- Required action:
Leave the images aside and copy out the whole listing, exact to the word.

- Information provided:
-- -- --

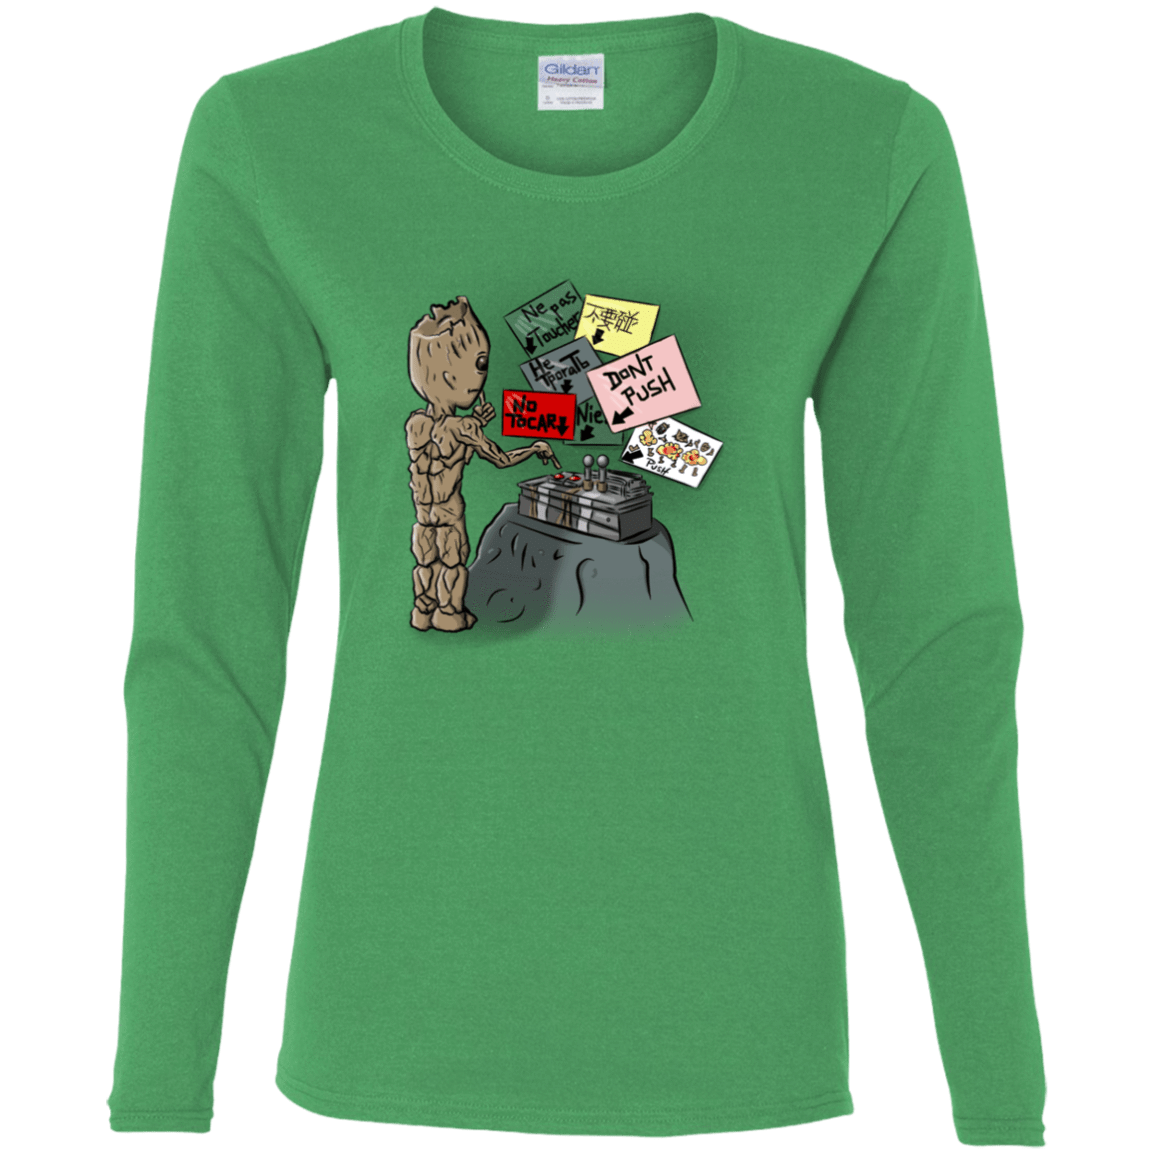 T-Shirts Irish Green / S Groot No Touch Women's Long Sleeve T-Shirt
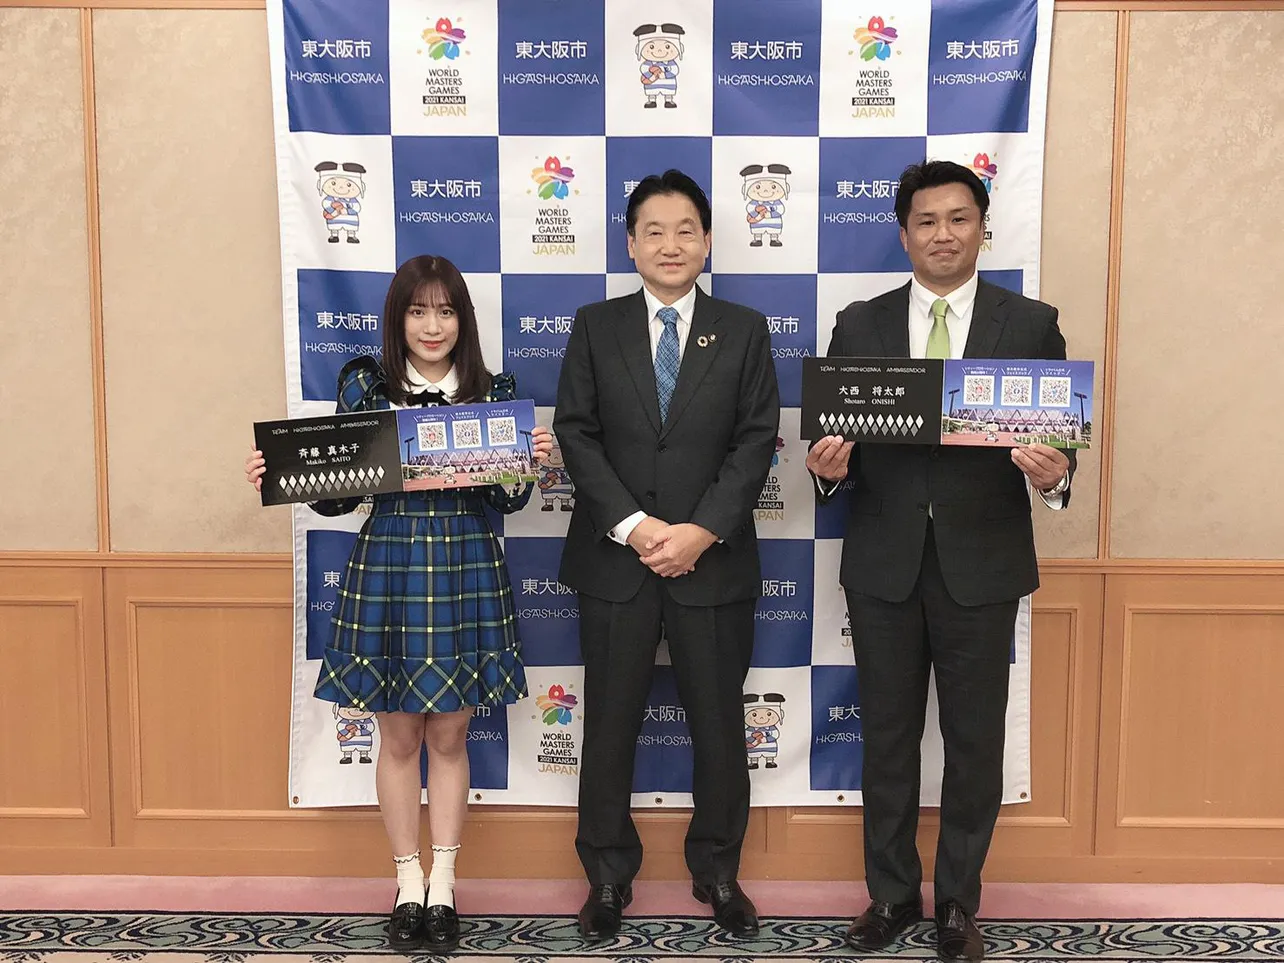 (左から)斉藤真木子、野田義和市長、大西将太郎氏
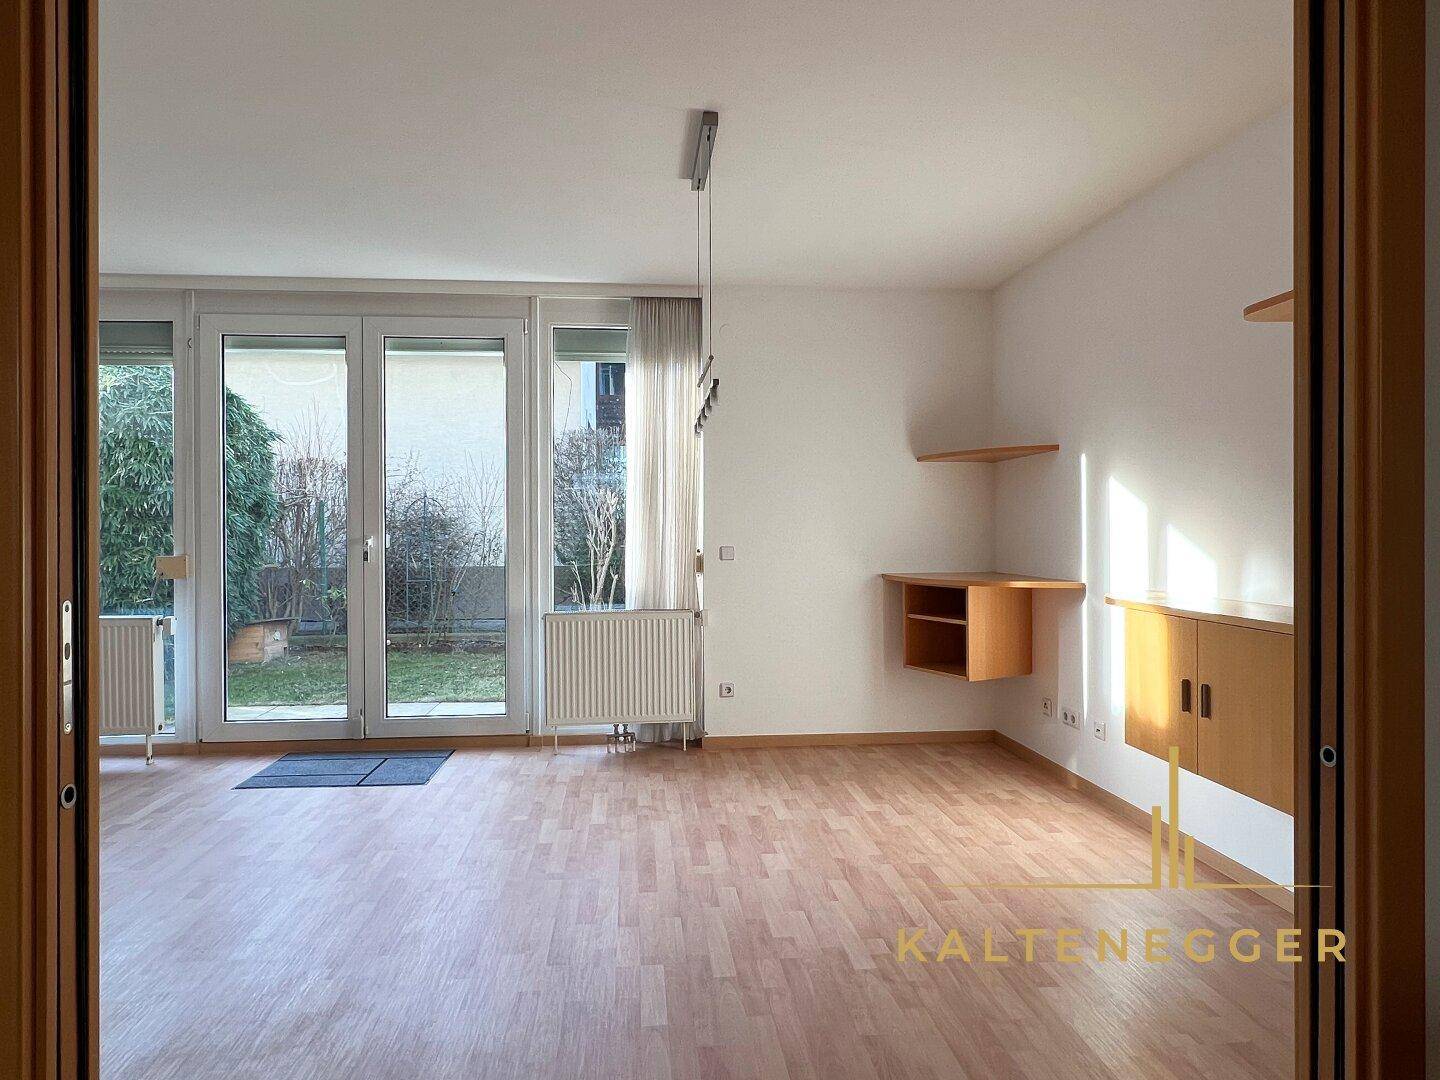 EG: Wohnzimmer 23 m² - Blick von der abtrennbaren Küche
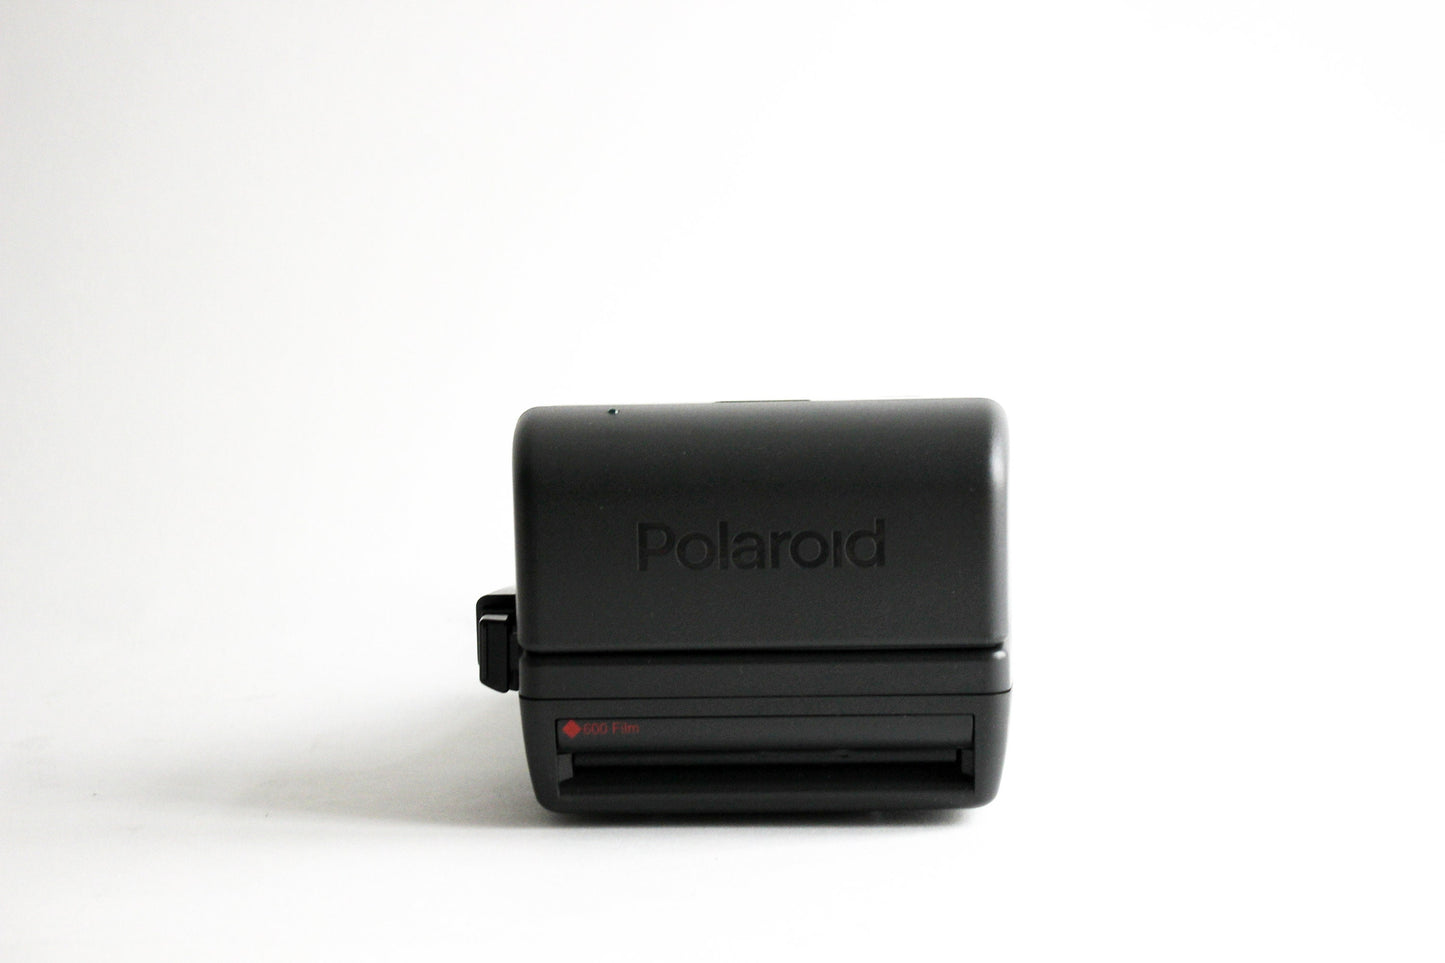 Polaroid 90s 636 Close Up / One step Close Up -  Includes original box

-- -- --

- Response below:
 T-Shirts Irish Green / S Groot No Touch Women's Long Sleeve T-Shirt
 (左から)斉藤真木子、野田義和市長、大西将太郎氏
 EG: Wohnzimmer 23 m² - Blick von der abtrennbaren Küche
 Polaroid 90s 636 Close Up / One step Close Up -  Includes original box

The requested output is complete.